Interactive OIBDA of $5.7 million for the second quarter of 2009 increased from a loss of $16.8 million for the same prior-year period primarily due to the acquisition of CNET. Interactive reported an operating loss of $14.1 million for the second quarter of 2009 versus an operating loss of $21.3 million for the same quarter last year resulting from depreciation and amortization expense associated with higher fixed and intangible asset balances as a result of the CNET acquisition.
Publishing (Simon & Schuster)
Publishing revenues for the second quarter of 2009 decreased 2% to $181.4 million from $186.0 million for the same prior-year period principally reflecting the unfavorable impact of foreign exchange rate changes.
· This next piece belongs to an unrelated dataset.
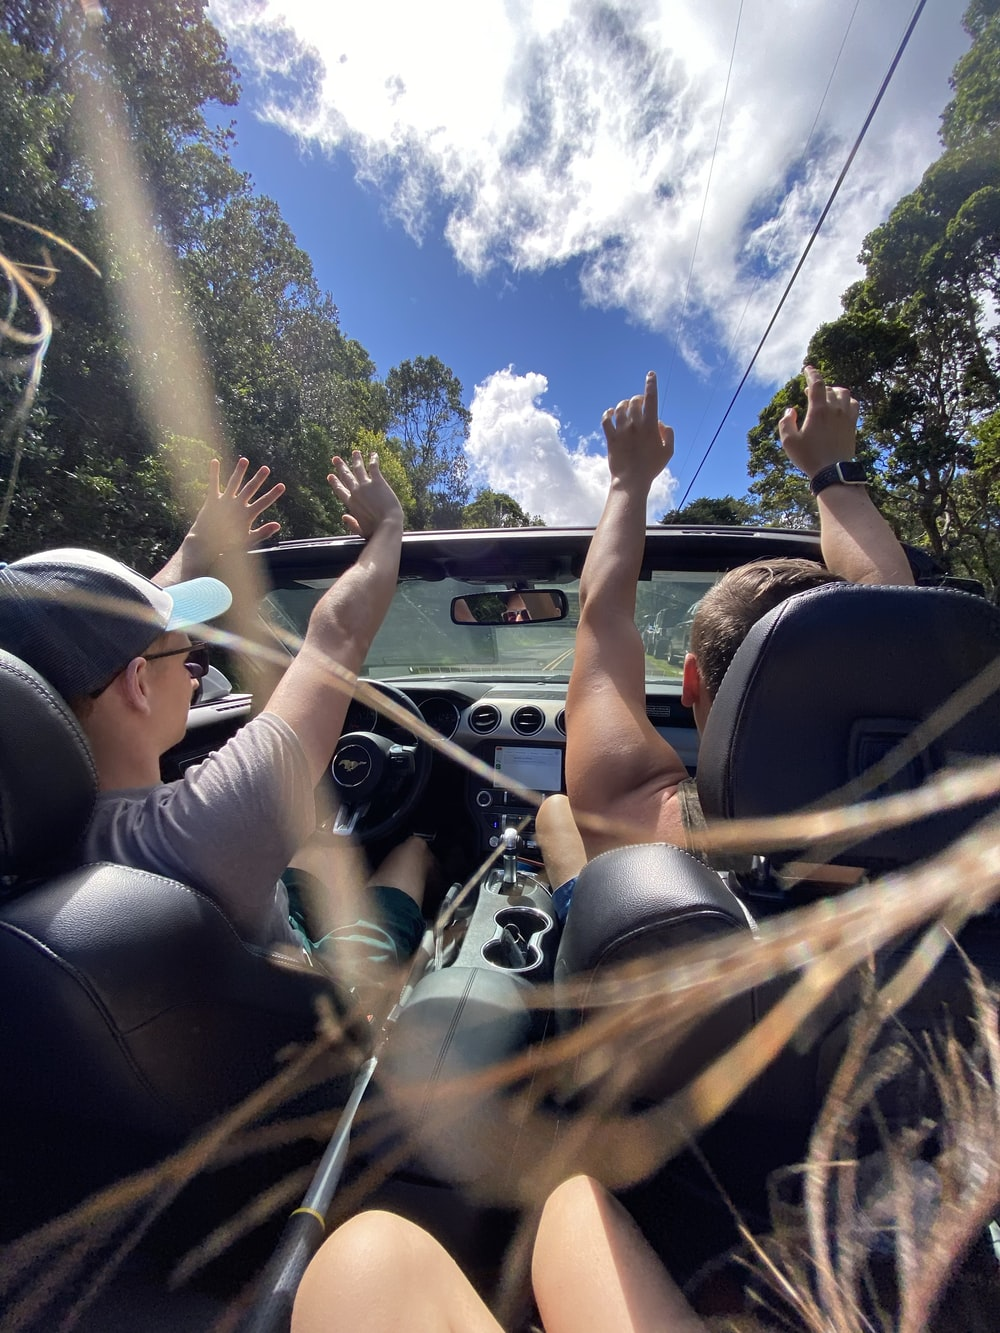 people riding on car during daytime

Publishing OIBDA and operating income for the second quarter of 2009 decreased 52% to $8.1 million and 58% to $6.1 million, respectively. These decreases were largely driven by higher author royalties and restructuring charges of $2.2 million related to headcount reductions partially offset by lower employee-related expenses resulting from cost-savings initiatives.
Corporate
Corporate expenses before depreciation expense decreased 17% to $34.7 million for the second quarter of 2009 from $41.9 million for the same prior-year period primarily reflecting the favorable impact from the early termination of a real estate lease arrangement.
Residual Costs
Residual costs primarily include pension and postretirement benefits costs for benefit plans retained by the Company for previously divested businesses. Residual costs increased to $35.9 million for the second quarter of 2009 from $22.5 million for the same quarter last year primarily as a result of pension plan asset performance.
Interest Expense
Interest expense of $133.9 million for the second quarter of 2009 decreased from $134.3 million for the same prior-year period.
Interest Income
Interest income of $1.1 million for the second quarter of 2009 decreased from $15.2 million for the same quarter last year reflecting lower average cash balances and lower interest rates.
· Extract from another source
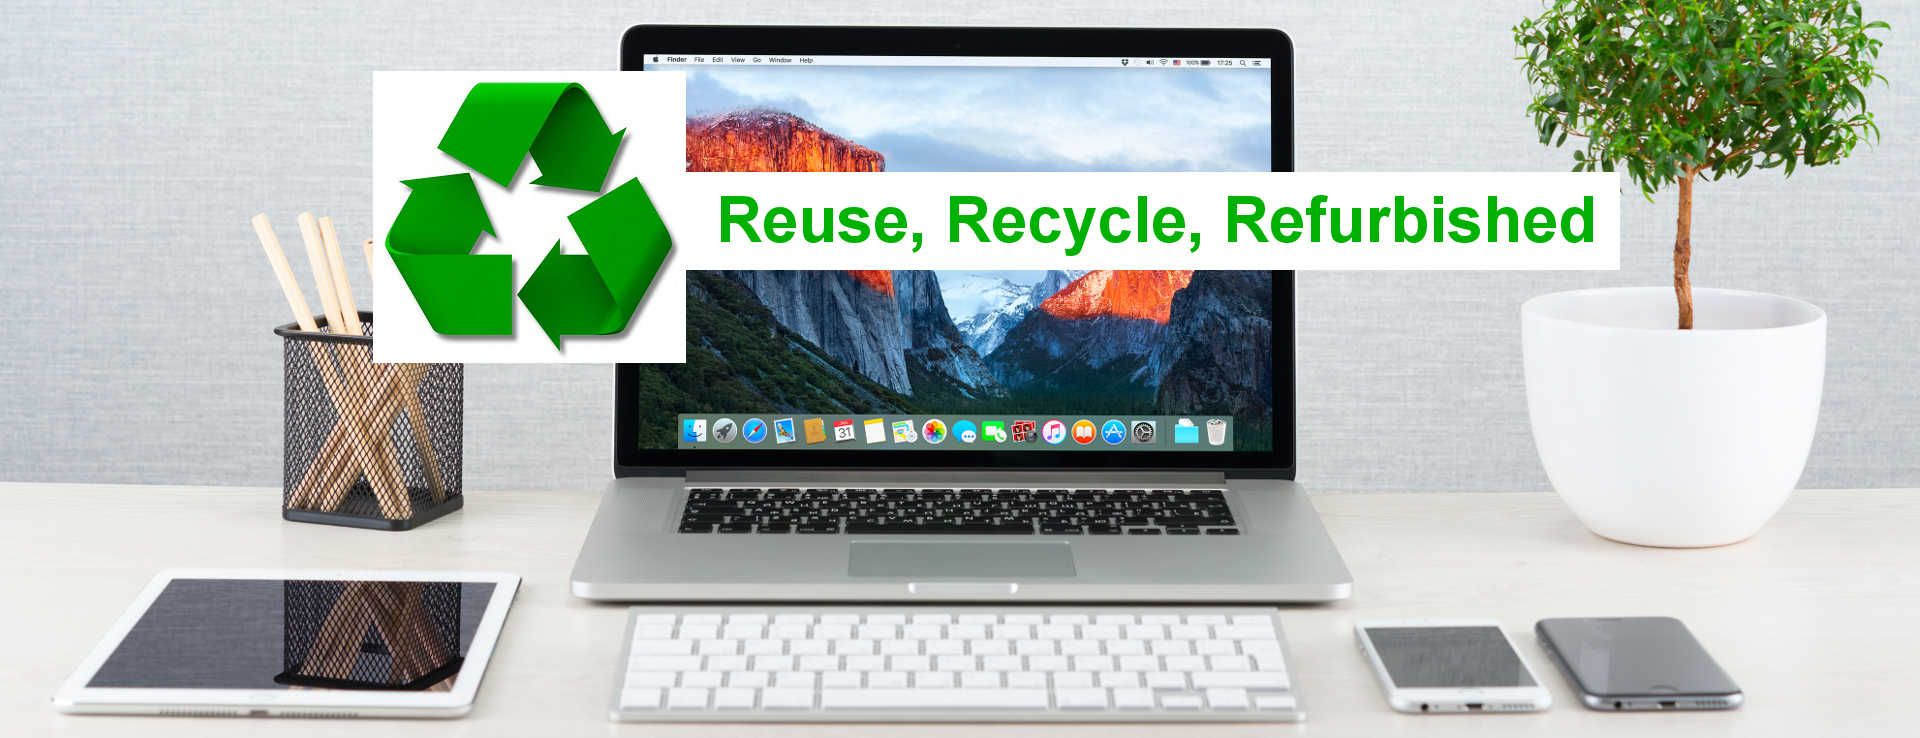 Gainsaver refurbished mac laptops and desktops help

Loss on Early Extinguishment of Debt
The Company recognized a $30.5 million loss on early extinguishment of debt in the second quarter of 2009 associated with the repurchase of senior notes due 2010.
Other Items, Net
"Other items, net" for the second quarter of 2009 was a net loss of $3.5 million principally reflecting foreign currency exchange losses. "Other items, net" for the same prior-year period included a pre-tax gain of $127.2 million on the sale of the Company's investment in Sundance Channel.
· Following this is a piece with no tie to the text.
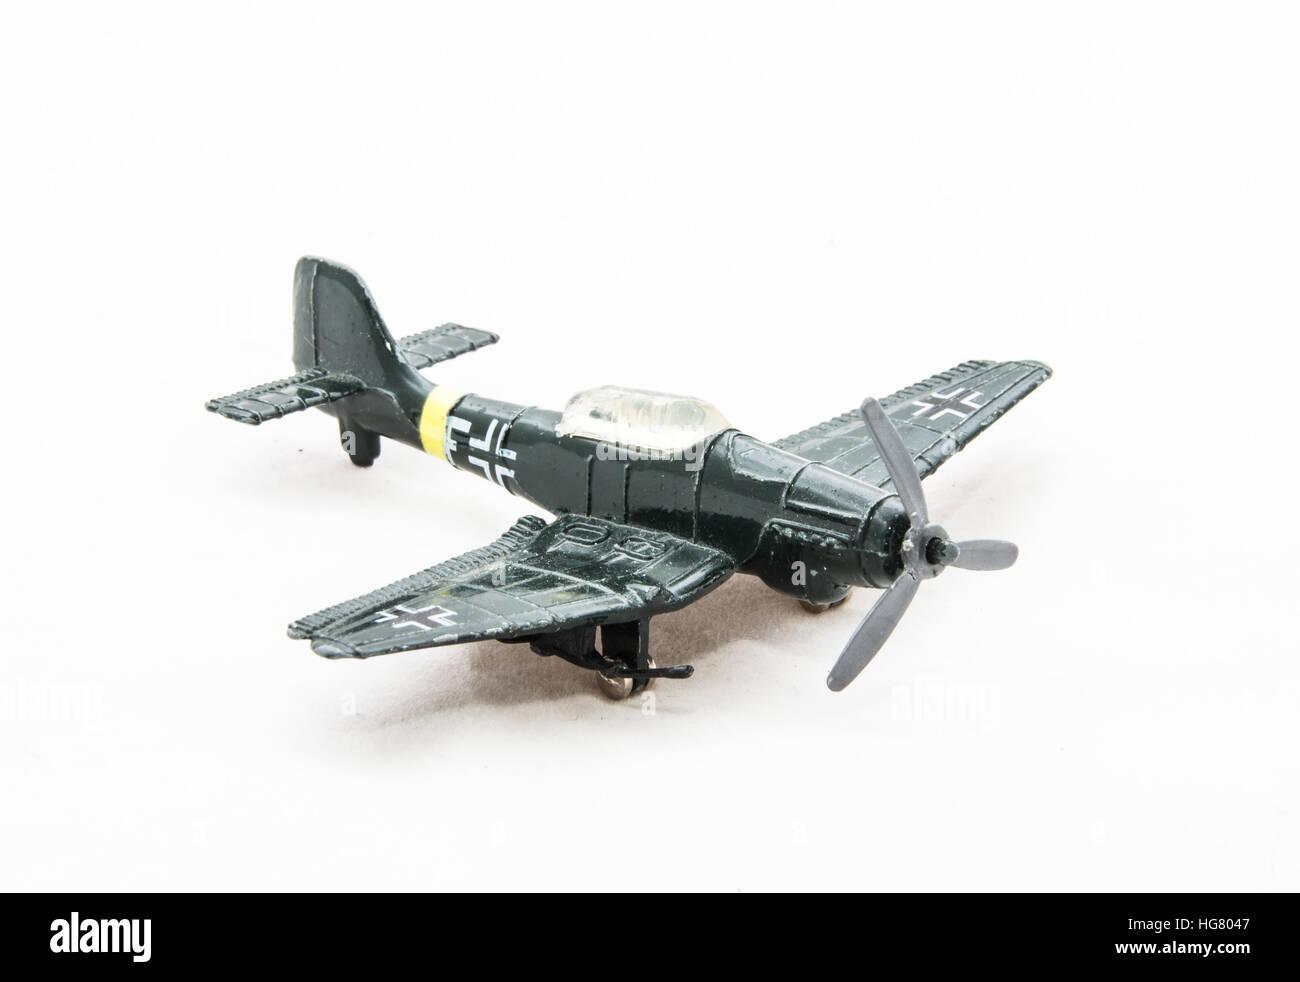 Dusty German World War II Toy Plane - Stock Image

Provision for Income Taxes
For the second quarter, the Company's provision for income taxes was $56.9 million for 2009 and $232.9 million for 2008 on earnings before income taxes of $75.4 million for 2009 and $642.8 million for 2008. The second quarter 2009 income tax provision includes a $23.3 million reduction of deferred tax assets associated with stock-based compensation. On an adjusted basis, excluding the impact of this reduction of deferred tax assets and divestitures, the second quarter effective income tax rate was 42.9% for 2009 versus 35.7% for 2008.
About CBS Corporation
CBS Corporation (NYSE: CBS.A and CBS) is a mass media company with constituent parts that reach back to the beginnings of the broadcast industry, as well as newer businesses that operate on the leading edge of the media industry. The Company, through its many and varied operations, combines broad reach with well-positioned local businesses, all of which provide it with an extensive distribution network by which it serves audiences and advertisers in all 50 states and key international markets. It has operations in virtually every field of media and entertainment, including broadcast television (CBS and The CW - a joint venture between CBS Corporation and Warner Bros.